We would hear of people being arrested for not saluting the 'Dear Leader' and being told they had to choose a hairstyle from a government list or face punishment, and we would shake our heads in disbelief, thanking our lucky stars that we didn't have to live like that in our country. Then, all of a sudden, we found that we were banned from having a coffee and chat with friends or hugging family (outside of our own household) - and could be fined/punished/prosecuted if we did so.

It didn't help, either, with all of the self-appointed covid police who suddenly appeared in most neighbourhoods, with their binoculars, notebooks and phones with the local police number on speed dial.

alloalloallo · 11/03/2022 14:15

Also, the behaviour of some people appointing themselves the covid police and making up all sorts of their own crazy rules.

I remember seeing a post on Facebook from someone bitching about all their neighbours visitors. The neighbour spotted it and confirmed that the visitors were actually carers coming into care for her terminally ill mother.

A man took it upon himself to stand at a local junction and post photos on FB of all the cars he didn’t believe were out for essential reasons - how can you tell?

I wonder how they all get on with each other now? Neighbours tearing shreds off each other for not clapping for the NHS/going for 2 walks/buying wine in the co-op. A friend of mine told me that my daughter’s complete mental health breakdown was just one of those things, there was more important things to worry about - I still hate her for that.

ZoBo123 · 11/03/2022 14:17

Walking my dog and someone came walking towards me in the same side of the road. They walked straight into the road without looking to keep socially distanced. Would rather take their chances with the buses and other traffic in the main road than get within about 5 metres of me and the virus I might have and the minute chance I passed it on and made them sick.

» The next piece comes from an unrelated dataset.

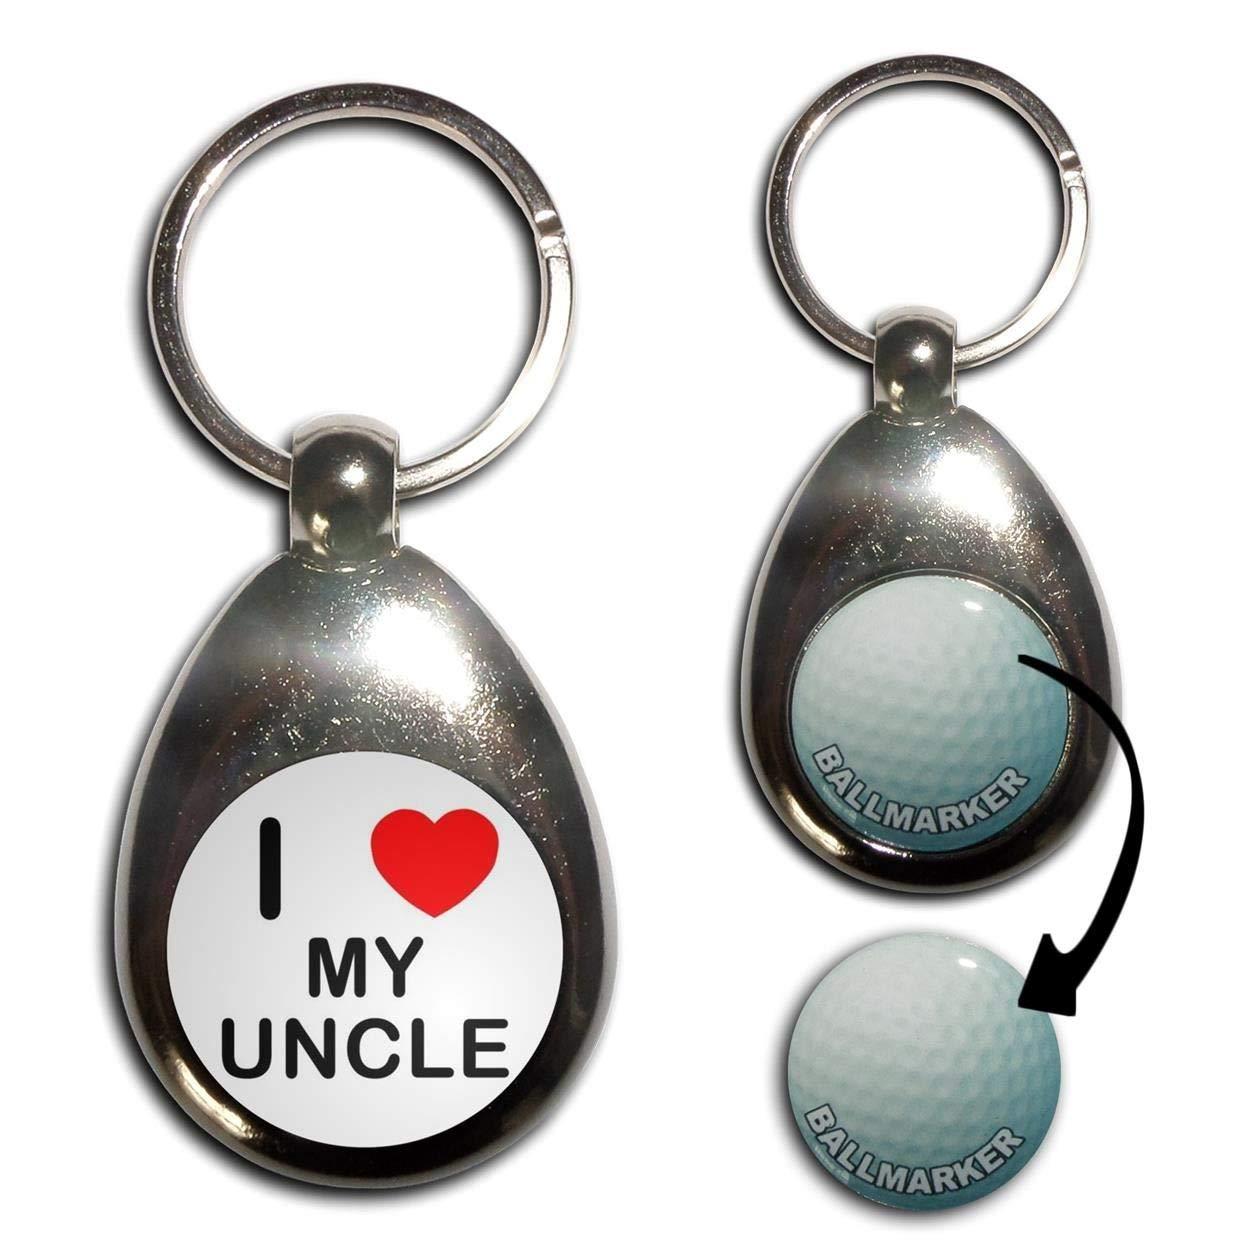 I Heart Love Heart My My Uncle – – ゴルフボールマーカーキーリング B00JCEZVO0, まじめな トナー ショップ:86d23282 --- awardsame.club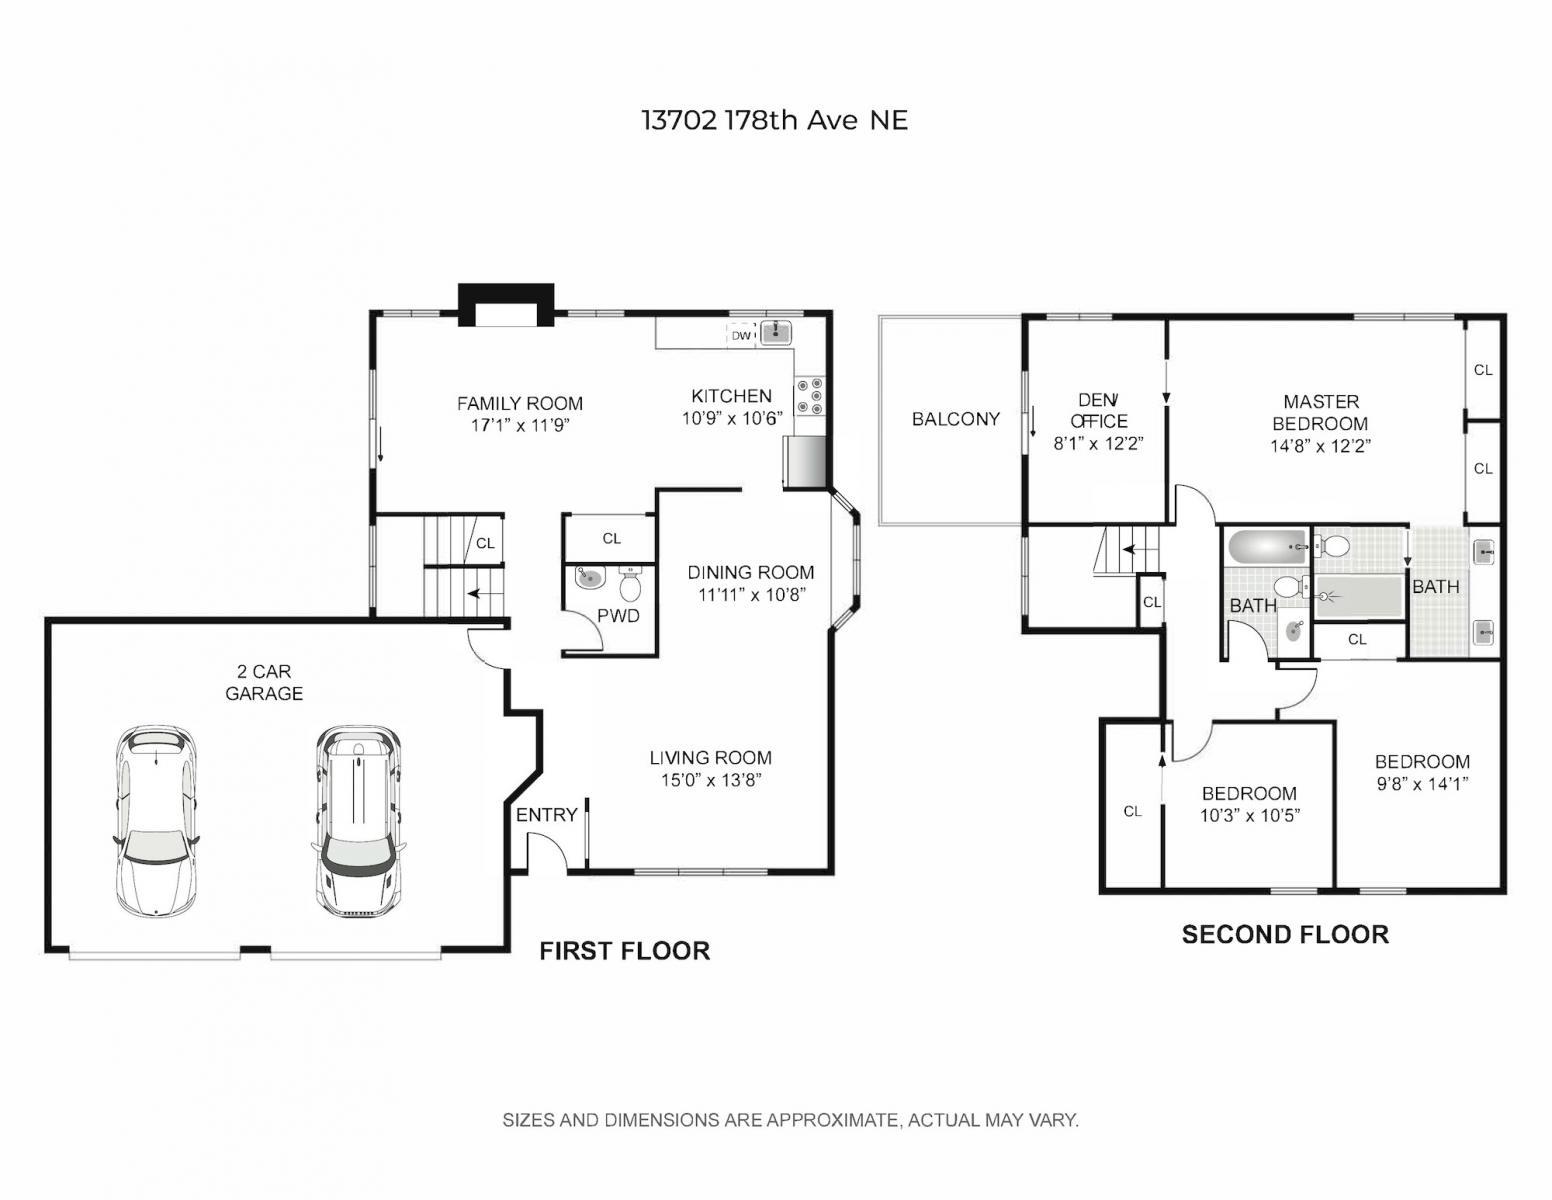 13702-178th-Avenue-NE-Floorplan

Whatamesssss · 11/03/2022 14:17

@LethargeMarg

I found it really weird when they announced the soaps were stopping filming. I know in the grand scale of things it's really minor and I don't even really watch them but it was yet another normal thing that we took for granted stopping .
That was the moment that finally convinced my parents to stop going shopping every other day and let me do an online shop for them.
walkingbaby · 11/03/2022 14:22

This is so petty but mine is queuing outside of Sainsbury's in Nine Elms😂

Stayed at my mums during the start of the pandemic and the queue outsude of the big Sainsbury's was actually a JOKE. It'd go all the way down the road and round the corner. Everytime we went shopping I literally dreaded the queue the most

coloradoqueen · 11/03/2022 14:26

Also seeing the birthday cards all taped up in tesco as they were "non essential". What a load of bullshit 😂

towers14 · 11/03/2022 14:27

The post on here from a woman who was asking if she should report her dd's friend for having an 18th even if it meant that her dd would be arrested. Lots of posters saying they'd not let the dd back in the house if she went and yes she should report to police. That was my wtf moment, Gilead was on its way.

TimeSlipMushroom · 11/03/2022 14:36

All sorts of memories spring to mind but this one especially.
I caught covid in May 2020 as a front line nhs worker (due to totally inadequate PPE). I remember local Facebook militants were agast that someone at the other end of my village was positive and how they'd put the community at risk so I was careful not let local people know.

Clap for carers seemed to be a big thing for my neighbours who complained that I wasn't on my front door clapping when I was in isolation. Hmm
They were supposed to be clapping for people like me!